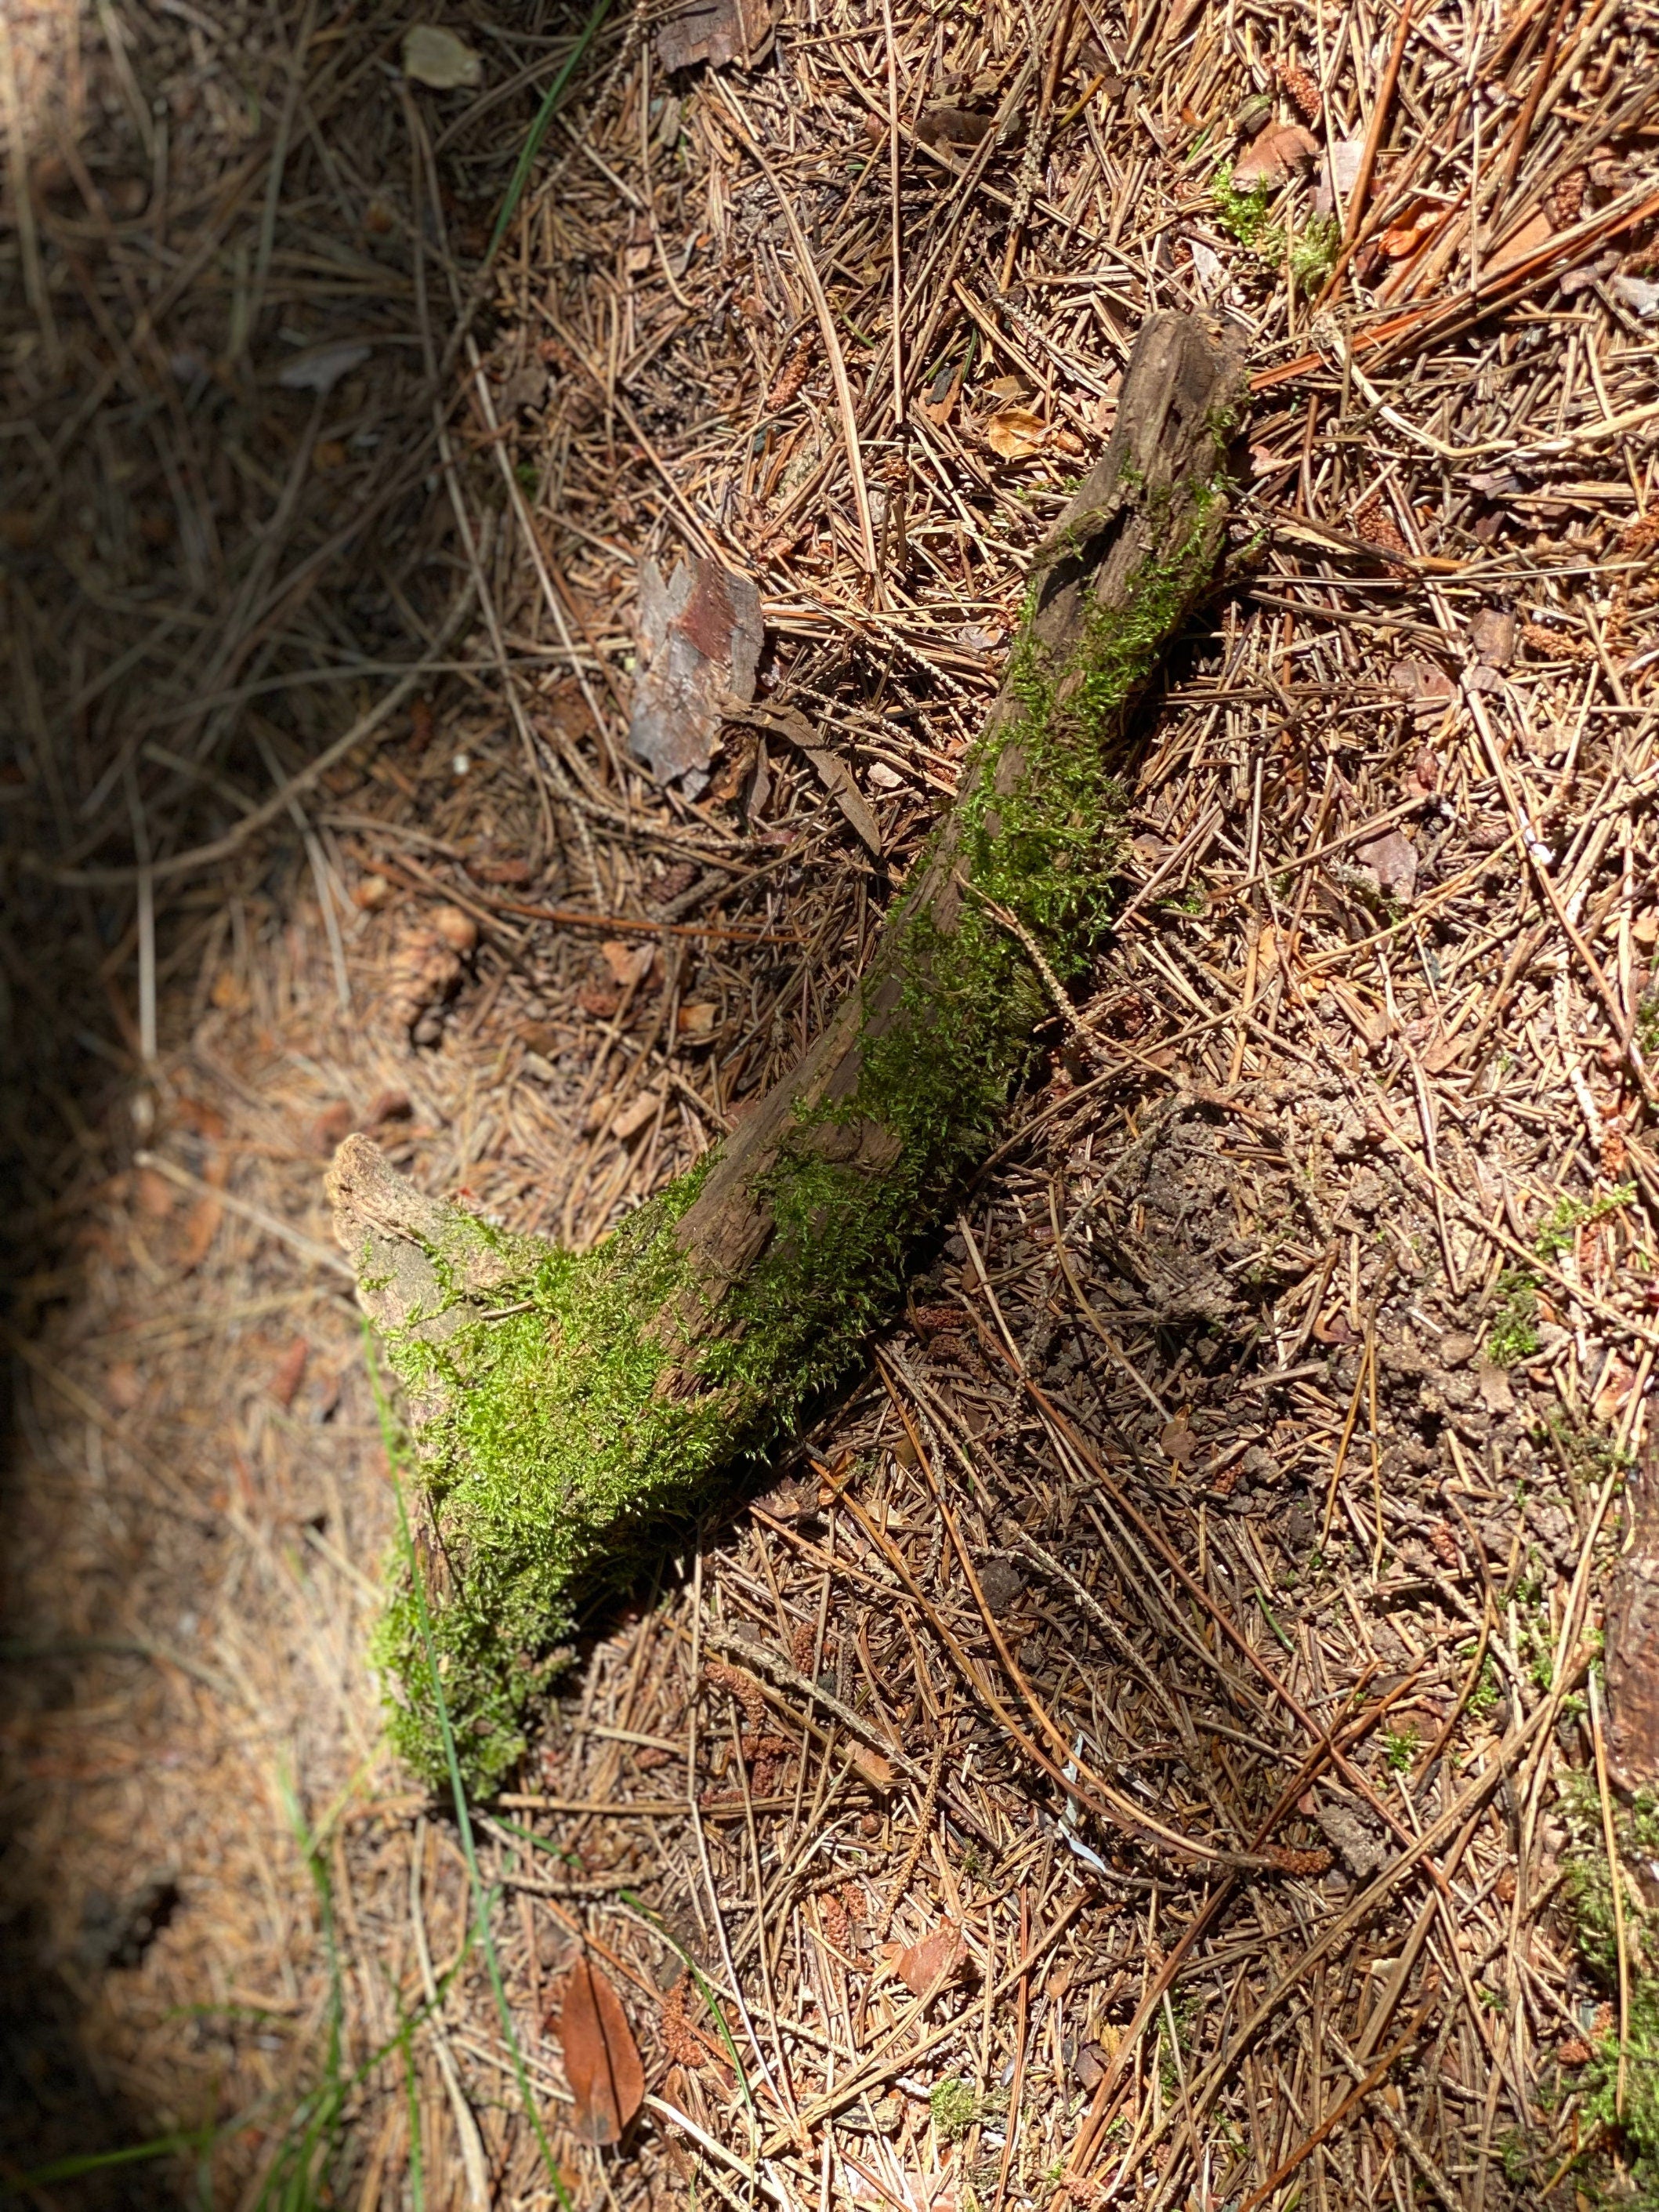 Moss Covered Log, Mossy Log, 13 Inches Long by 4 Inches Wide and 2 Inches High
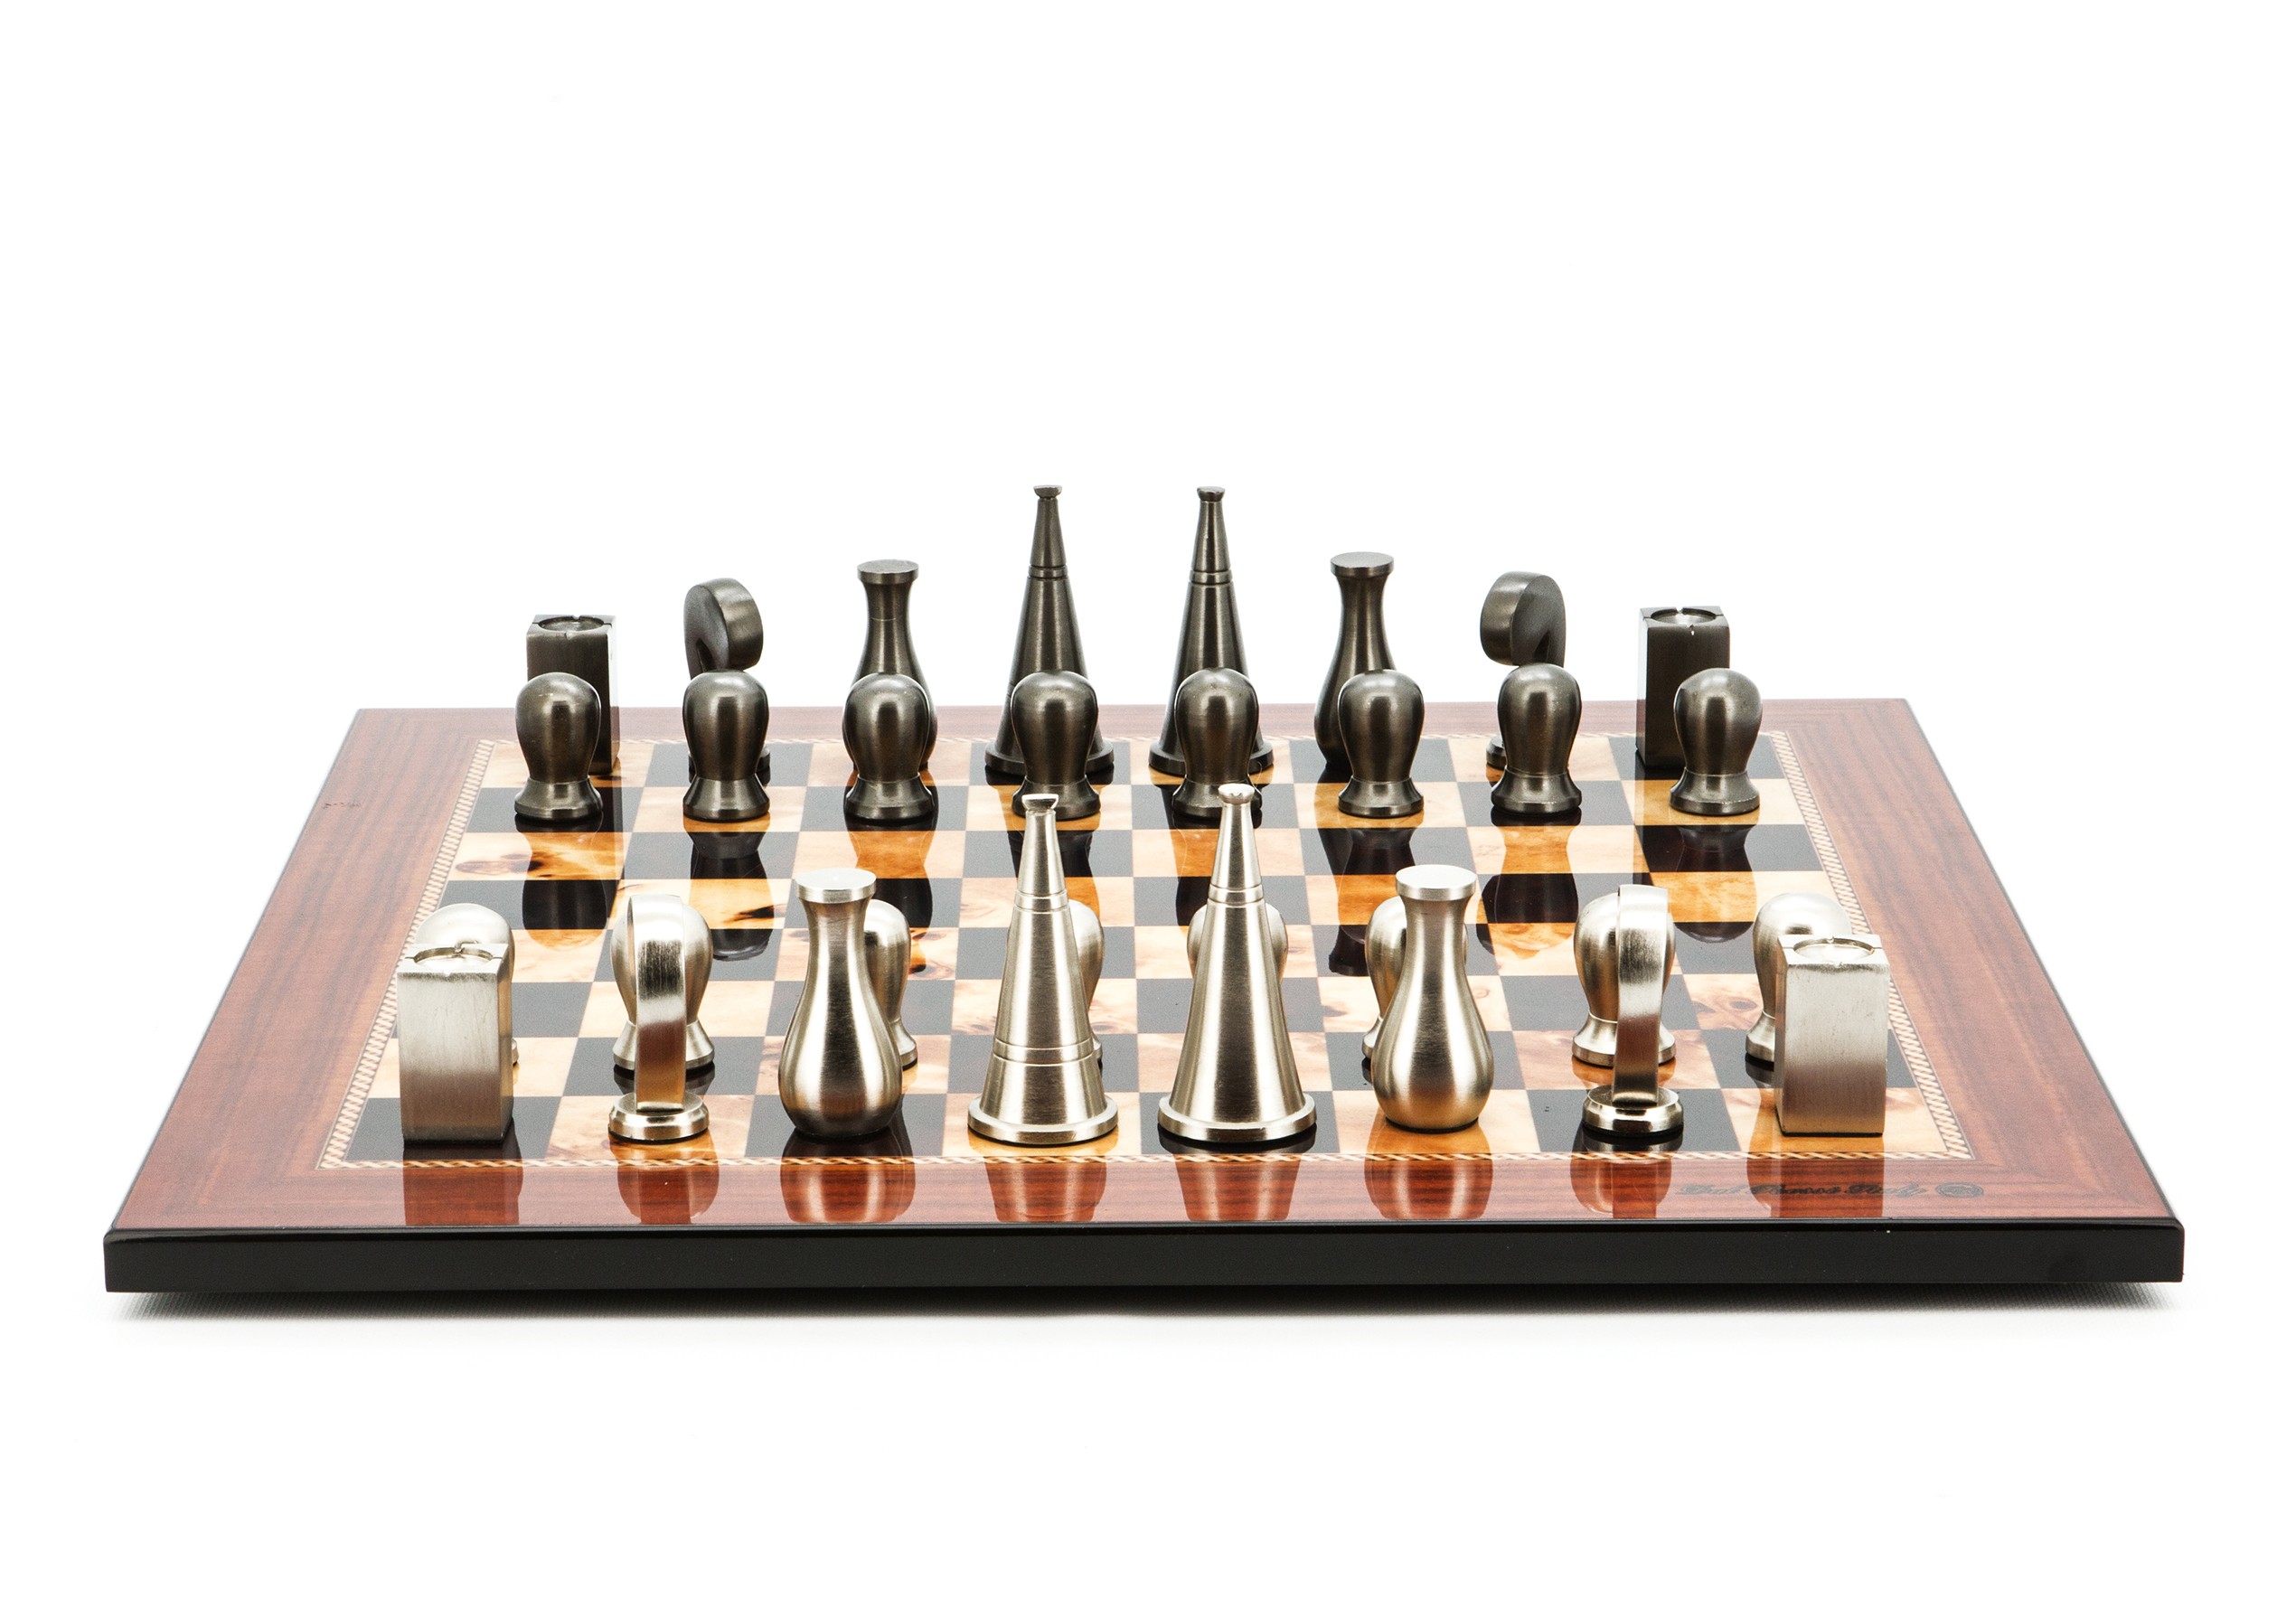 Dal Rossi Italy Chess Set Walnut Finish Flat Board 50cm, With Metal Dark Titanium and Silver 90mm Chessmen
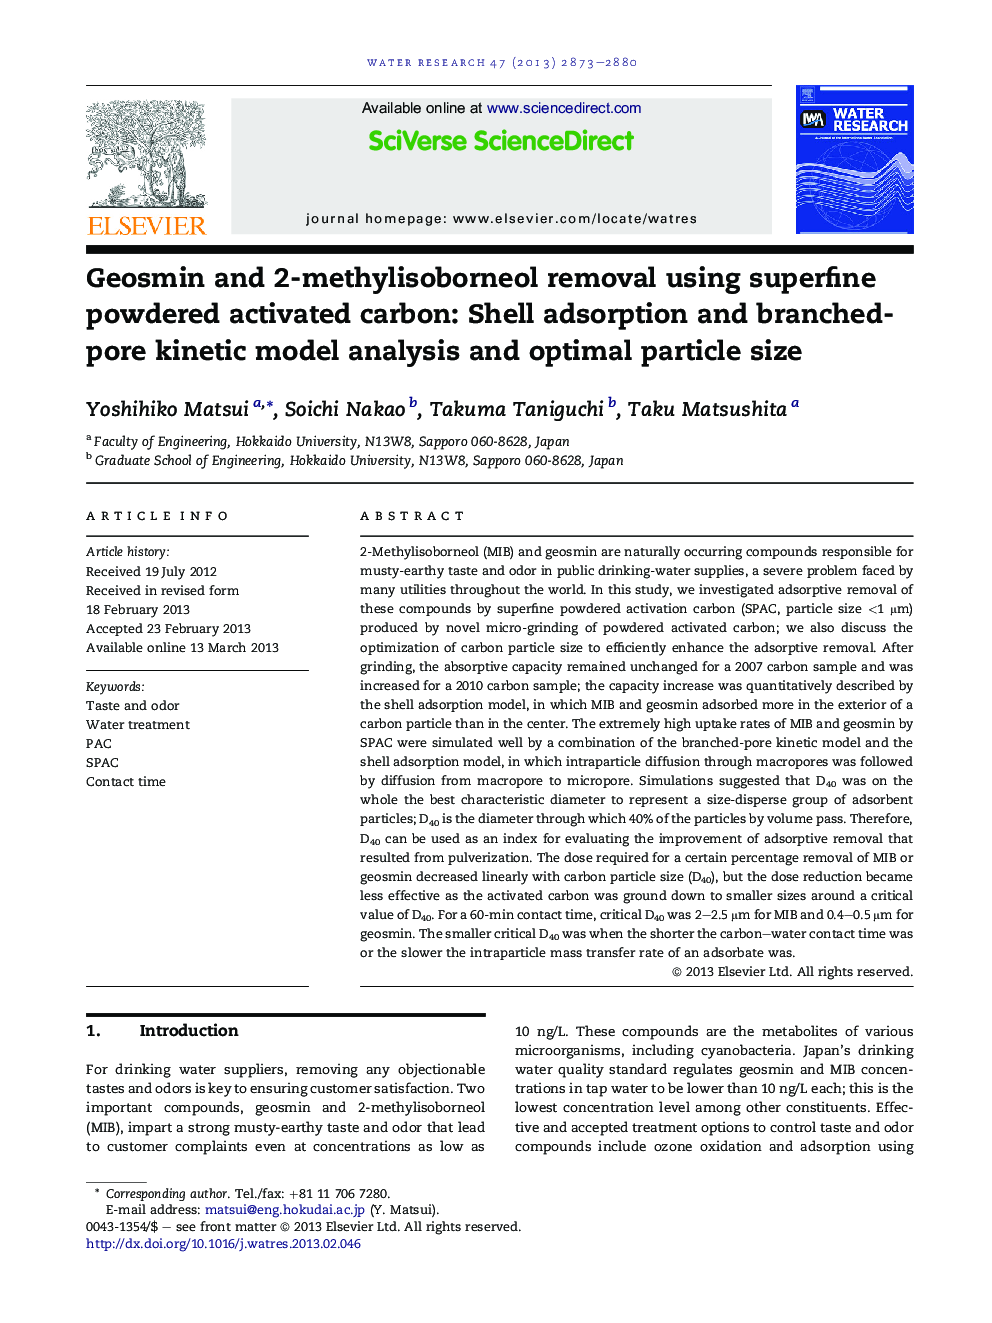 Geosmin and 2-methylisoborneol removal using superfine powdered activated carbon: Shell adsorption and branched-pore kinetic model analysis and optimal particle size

DIRECTIONS:
Line by line, return the listing above exactly, leaving out its pictures.

SOLUTION:
 Moss Covered Log, Mossy Log, 13 Inches Long by 4 Inches Wide and 2 Inches High
 Dal Rossi Italy Chess Set Walnut Finish Flat Board 50cm, With Metal Dark Titanium and Silver 90mm Chessmen
 Geosmin and 2-methylisoborneol removal using superfine powdered activated carbon: Shell adsorption and branched-pore kinetic model analysis and optimal particle size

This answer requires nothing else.